**Source data**.

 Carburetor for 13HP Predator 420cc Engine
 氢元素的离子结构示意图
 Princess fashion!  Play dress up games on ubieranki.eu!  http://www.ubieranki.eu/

**Task prompt**.
Retype the data. Keep every word as it stands.

**Solution to this exercise**.
 Carburetor for 13HP Predator 420cc Engine
 氢元素的离子结构示意图
 Princess fashion!  Play dress up games on ubieranki.eu!  http://www.ubieranki.eu/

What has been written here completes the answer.